Длинная, плоская, но широкая фигура ее была облечена в ситцевую пеструю юбку и камлотовый малиновый спензер, у которого рукава были с буфами на плечах. Наряд ее довершал черный передник с карманами, из которых торчали какие-то палочки, игрушечная мельница и другие подобные принадлежности собачьих представлений.

Обезьяна, в красном распашном капоте и фуражке на голове, озабоченно прыгала со стула на пол и обратно, попискивая и стараясь освободить свое горло от веревки, которою была привязана к ножке стула. Грязный белый пудель в чепраке, сидя возле слепого, зорко поводил глазами за каждым движением прута наставницы собак.

У соседнего окна, которое было раскрыто и завешено дырявым платком, происходило другого рода учение.

Главное лицо представлял здесь итальянец пожилых лет, с лицом, не отличавшимся кротостью и привлекательностью, атлетического сложения, которое резко выказывалось от грязного белого трико, натянутого на нем. Красные коротенькие панталоны с блестками прикрывали его живот. Ноги его были обуты в грязно-желтые сапоги. Итальянец своими жилистыми и огромными кистями, резко отделявшимися от белого трико, плохо натянутого на его руках, устанавливал на свою голову, обросшую стоящими дыбом, как щетина, волосами, мальчика лет шести в таком же грязном трико и дырявых башмаках. Ребенок, дрожа, искал эквилибру, но не мог найти,- может быть, потому, что жилистые ручищи итальянца поминутно щипали тощие икры ребенка. Итальянец кричал на него:

– — Стой, модита, держись!

И если ребенок терял баланс и летел с головы наставника, итальянец ловко ловил его на лету за руку или ногу, отчего кости у ребенка хрустели и он вскрикивал; итальянец устанавливал его вновь, еще сильнее браня и пощипывая.
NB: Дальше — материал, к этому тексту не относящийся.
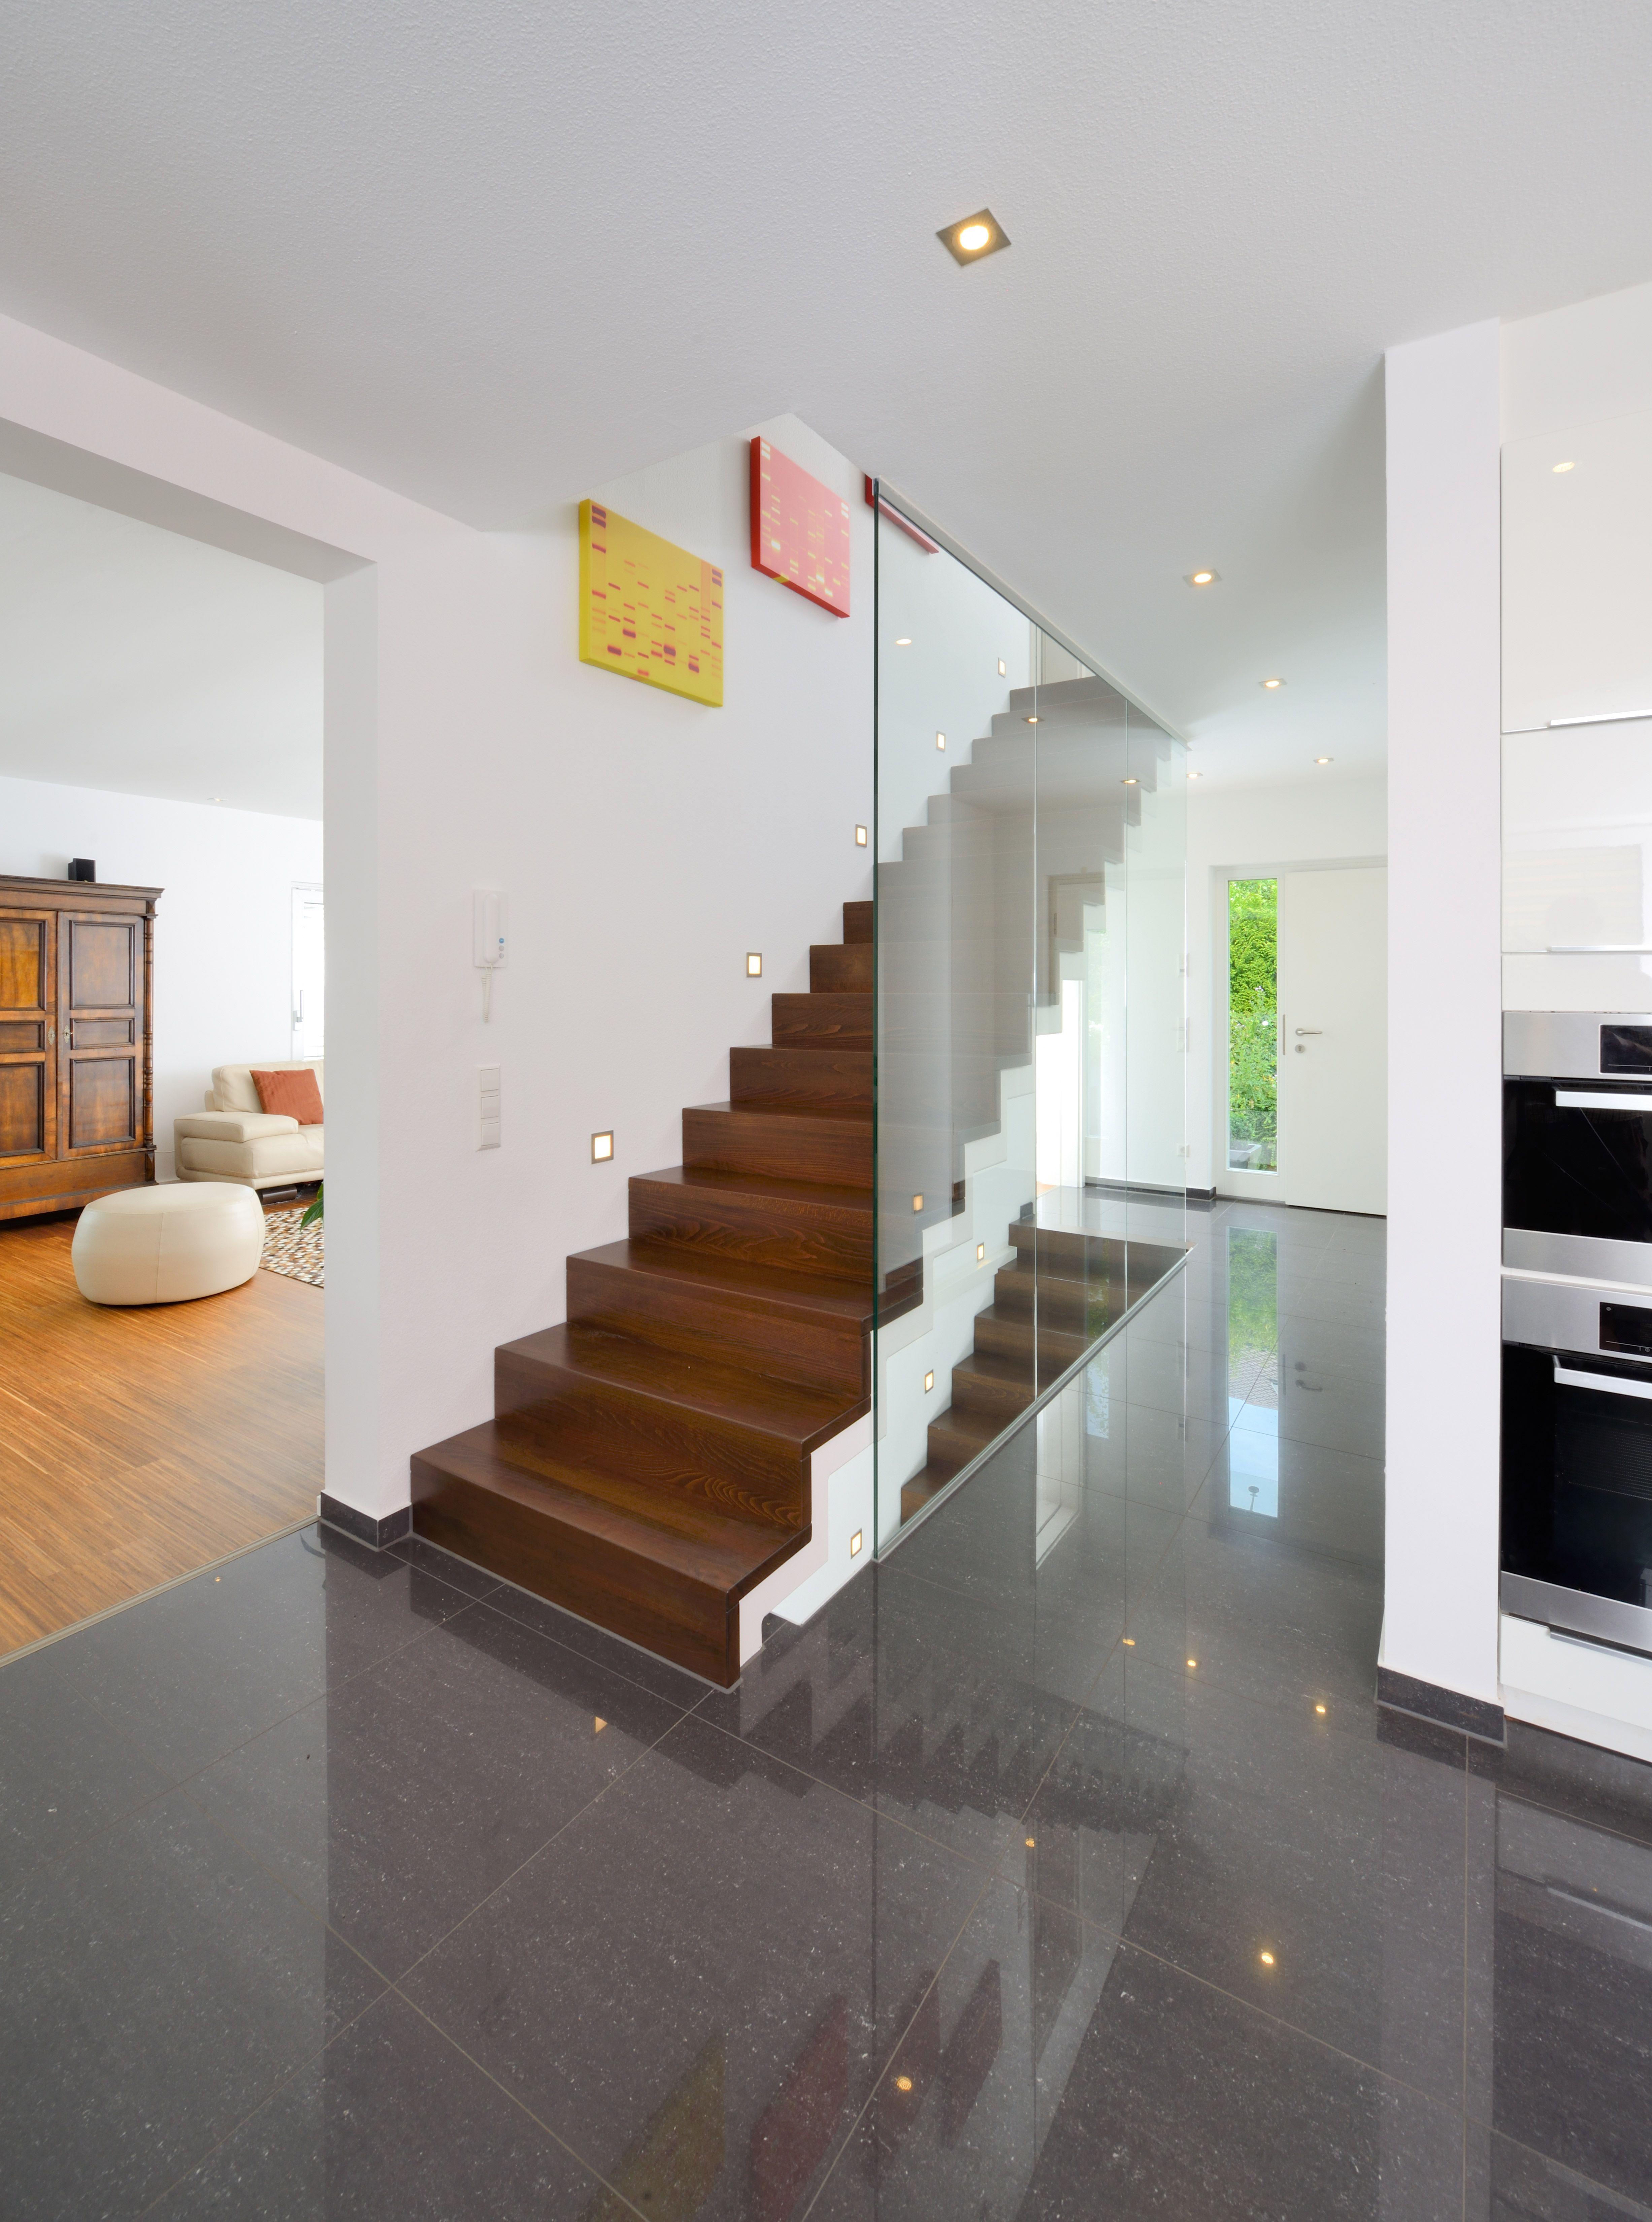 Aufgesattelte Wangentreppe mit Setzstufen | Design und Funktion in ...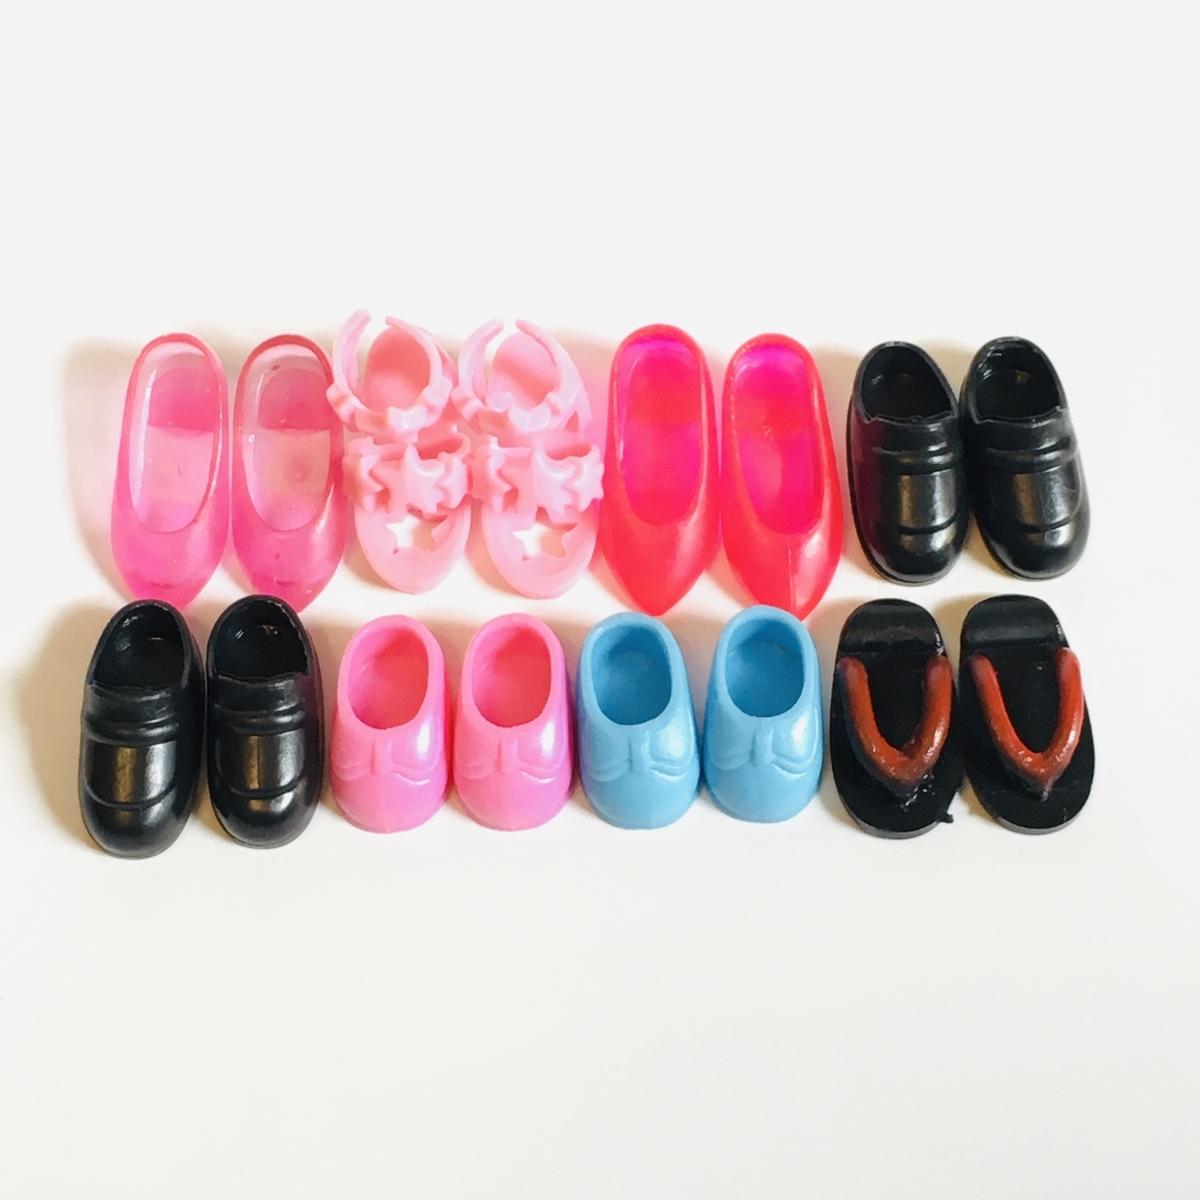 リカちゃんやミキちゃんマキちゃんやエリーちゃんの靴たち

Подле этой группы мальчик, почти таких же лет и в таком же наряде, как стоявший на голове итальянца, то силился удержаться на голове, то кувыркался, падал, стукался и снова повторял одни и те же штуки, поглядывая робко на итальянца, который, подхватив упавшего опять с его головы ученика, подбросил его выше и отпустил назад. Ученик, пронзительно взвизгнув, упал к передним копытам вороной маленькой лошаденки в желтом чепраке и с перьями на голове, лежавшей у стены. Лошадь пугливо вскочила и заржала; собаки залаяли, потом завизжали от ударов своей наставницы. Шарманка издала унылый звук и замолкла; игравший зажал уши. С минуту крик и гам был страшный в комнате. Женские лица выглянули из-за ширм, и посыпались выговоры итальянцу за кроткое обращение его с детьми.

– — Что ты их не высечешь хорошенько перед уроком? Стояли бы в струнку! — крикнула заспанная женщина лет двадцати с подозрительным румянцем и белизной в лице.

Трех зубов у нее недоставало напереди, огромный шрам шел по всей щеке. Белокурые остриженные волосы были завернуты в пукли и зашпилены огромными шпильками. Одета она была в коротенькое ситцевое платье с открытыми лифом и рукавами; полные ноги ее были обуты в розовое трико и танцорские башмаки.

Позевывая и потягиваясь, она поджала ноги под свою коротенькую юбку и снова расположилась заснуть. Но в эту самую минуту вбежала в комнату старая худощавая женщина, бедно одетая; на голове ее повязан был платок; по ее мокрому переднику и рукам в мыле легко можно было угадать ее занятие. Она кинулась к упавшему мальчику, которого итальянец уже держал на воздухе за волосы, а наставница собак хлестала розгой.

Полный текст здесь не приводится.